I don’t understand the serial killing in “The Collection.” I mean, what’s the nutjob killer into? He wraps his head in a high-end leather luchador mask that you could totally find for sale on certain luxe shopping sites. He stuffs his victims into trunks. He rigs deadly contraptions. He snips out human tongues and puts them in jars. He arranges remains in big glass tanks that he arranges just so. He doesn’t mind the piles of bodies at the bottom of the dumbwaiter shaft. He appears to have scores and scores of victims — living, dead, and somewhere in between. Maybe he’s attracted to the young woman he’s nailed to a wall, or to the one he’s tried to turn into the Courtney Love who appears in the video for “Doll Parts.”
Who is this man with the satanic soul, art dealer’s eye, and Mexican wrestler’s headgear? And what do all these fetishes have to do with each other? And how do we explain his competence? He can devise and build a contraption that mows down an entire nightclub full of people (mass murder on the dance floor!), but he can’t grab a victim 3 feet in front of him? Why does he bother with knife fights and hand-to-hand combat? And what’s he doing while a heavily armed rescue squad inches deeper inside his booby-trapped horror house (“This hotel has been abandoned for years!”)? If he’s willing to blow the place to smithereens in the last act, why not in the first?
The director Marcus Dunstan and his co-writer, Patrick Melton, strike again. They’ve overseen the demise of the “Saw” franchise and, three years ago, were permitted to embark on their own torture series with “The Collector.” That movie took a fine “Twilight Zone” premise (an ex-con tries to a rob a house whose residents have already been slain) and smeared it with excrement.
This sequel is an improvement of sorts. The rescue squad finds the ex-con (Josh Stewart, who works very hard) and forces him to find a woman (Emma Fitzpatrick) who survived the nightclub massacre and is inside the abandoned hotel.
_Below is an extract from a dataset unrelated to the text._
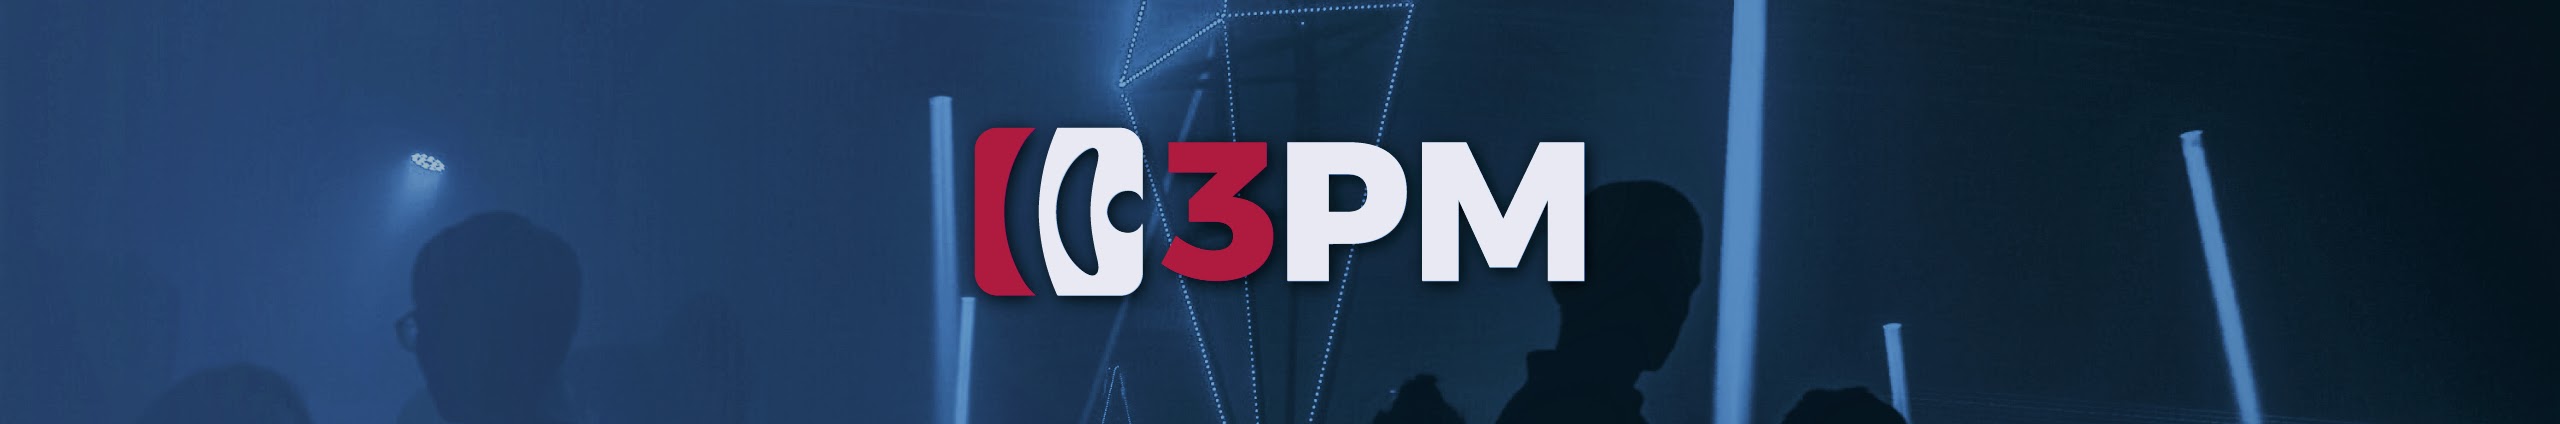 3PM - On BiH Link Video

They’ve halved the gore and copped to action-movie imperatives. Dunstan has actually learned how to build tension in a horror movie, which is rare in the world of slashings, snippings, and crucifixions. And the finale is rousing in its relentless, enjoyably ridiculous way. But he and Denton have done nothing to rectify the “give me a break” factor. The movie doesn’t make five seconds of sense (the coda tries to offer an apology) and most of what they’ve done they’ve borrowed — from movies, music videos, and art installations. This boogeyman is made up of so many other maniacs and boogeymen (Michael Myers, Jason, Freddy Krueger, Buffalo Bill, Jigsaw) that, even by the loose standards of horror-movie sloppiness, he’s a mess. To that end, “The Collection” is an honest title. The movie is just a lot of other people’s greatest hits.